Data shown ::
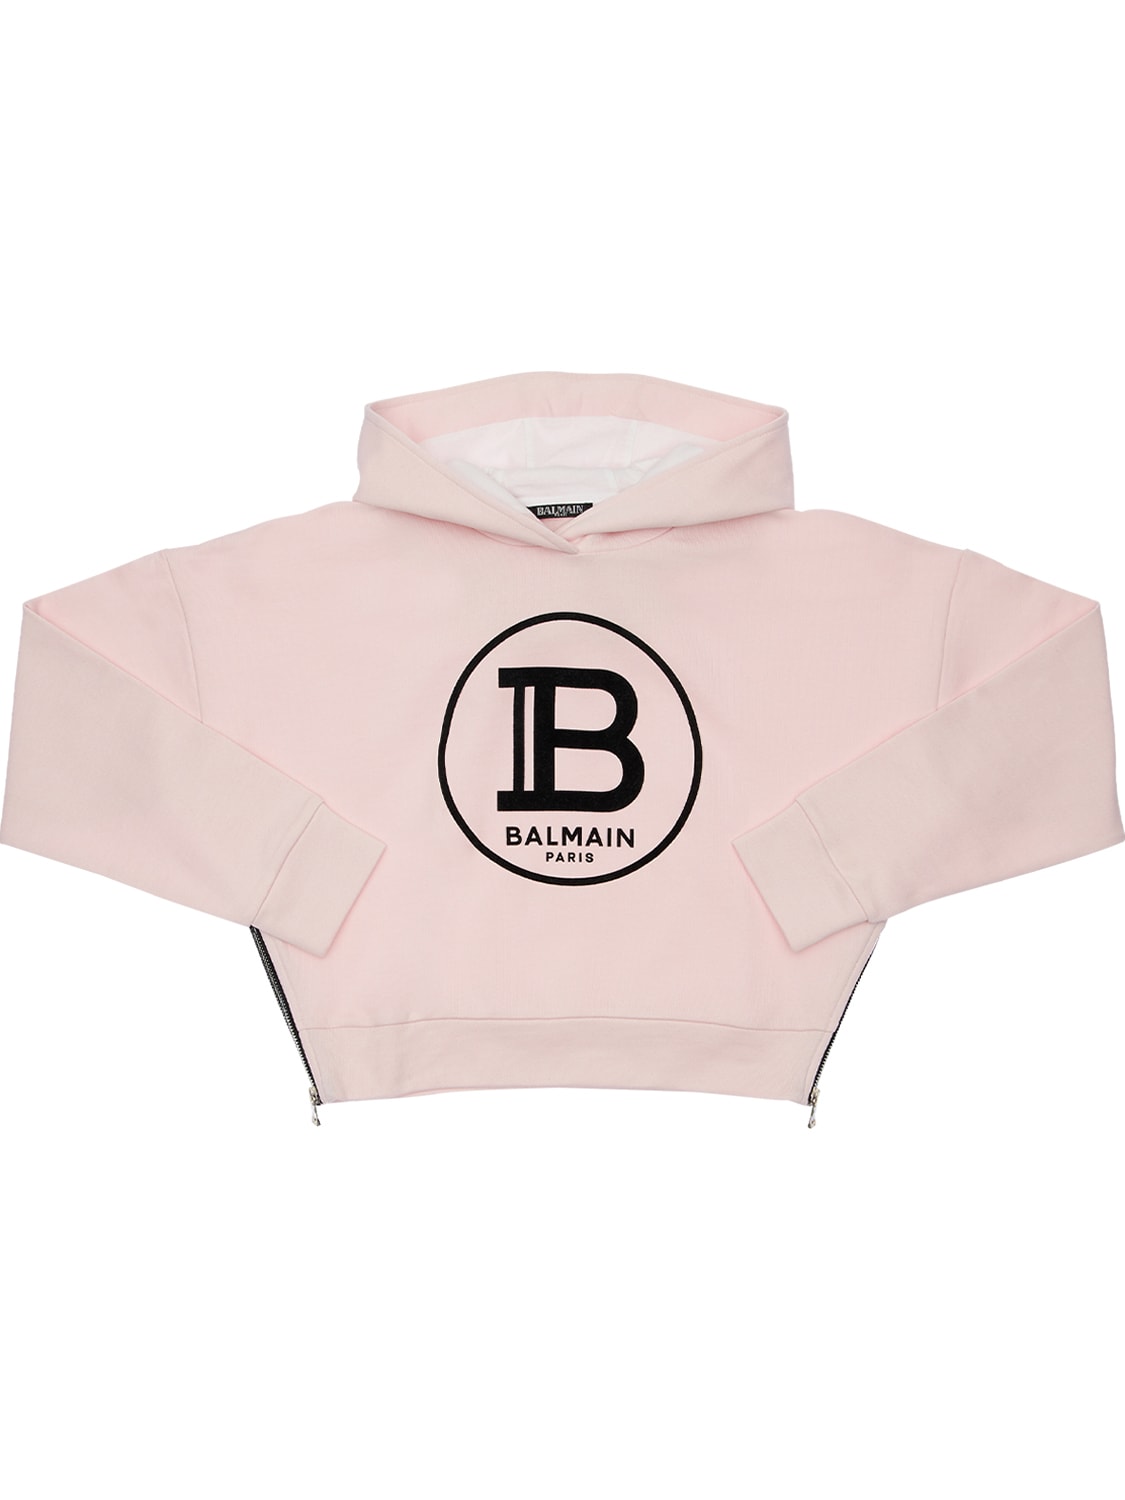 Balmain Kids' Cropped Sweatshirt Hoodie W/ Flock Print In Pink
...
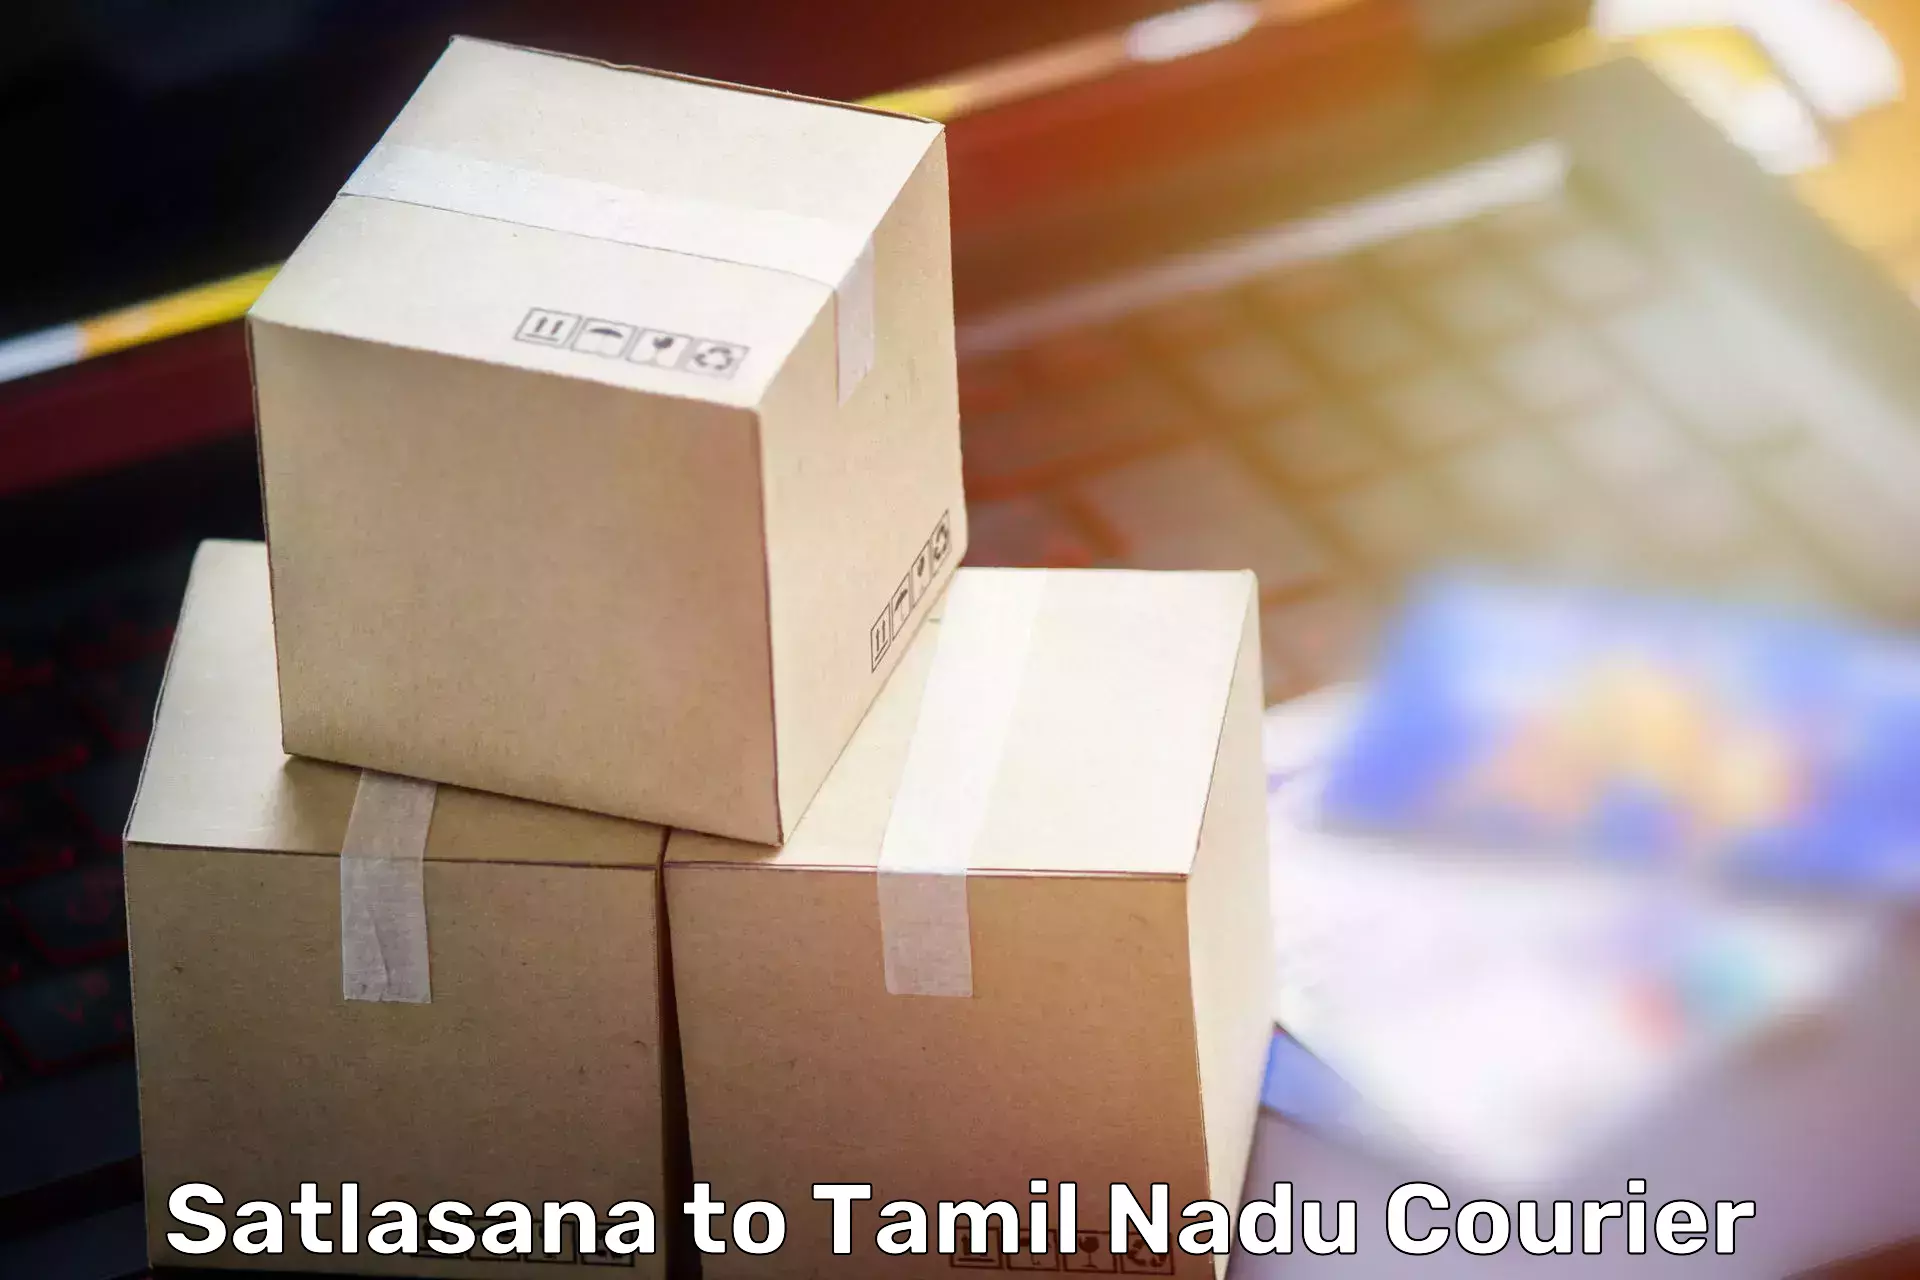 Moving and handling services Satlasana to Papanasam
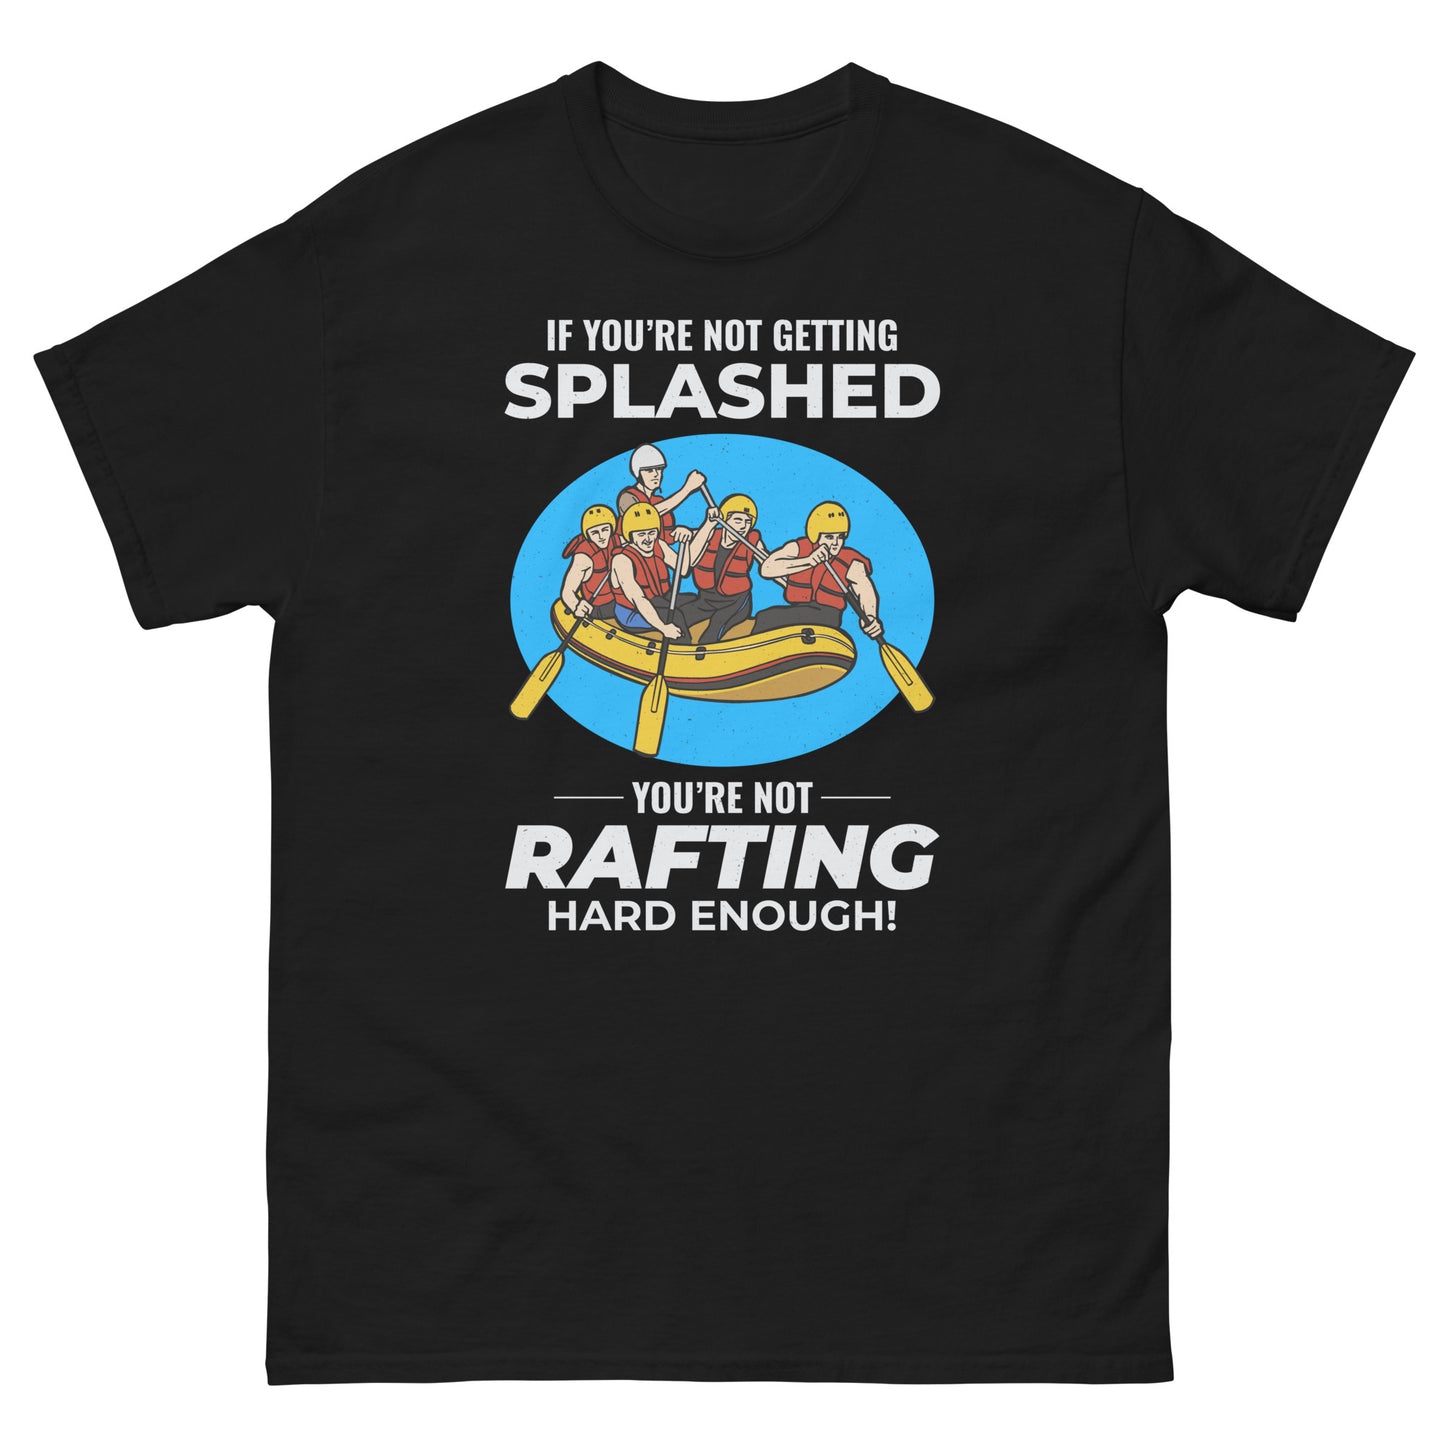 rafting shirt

Activity ::
Go to the line above holding "Moving and handling", then copy exactly each line down to and including the one holding "rafting shirt", leaving pictures out.

Exercise answer ::
 Moving and handling services Satlasana to Papanasam
 rafting shirt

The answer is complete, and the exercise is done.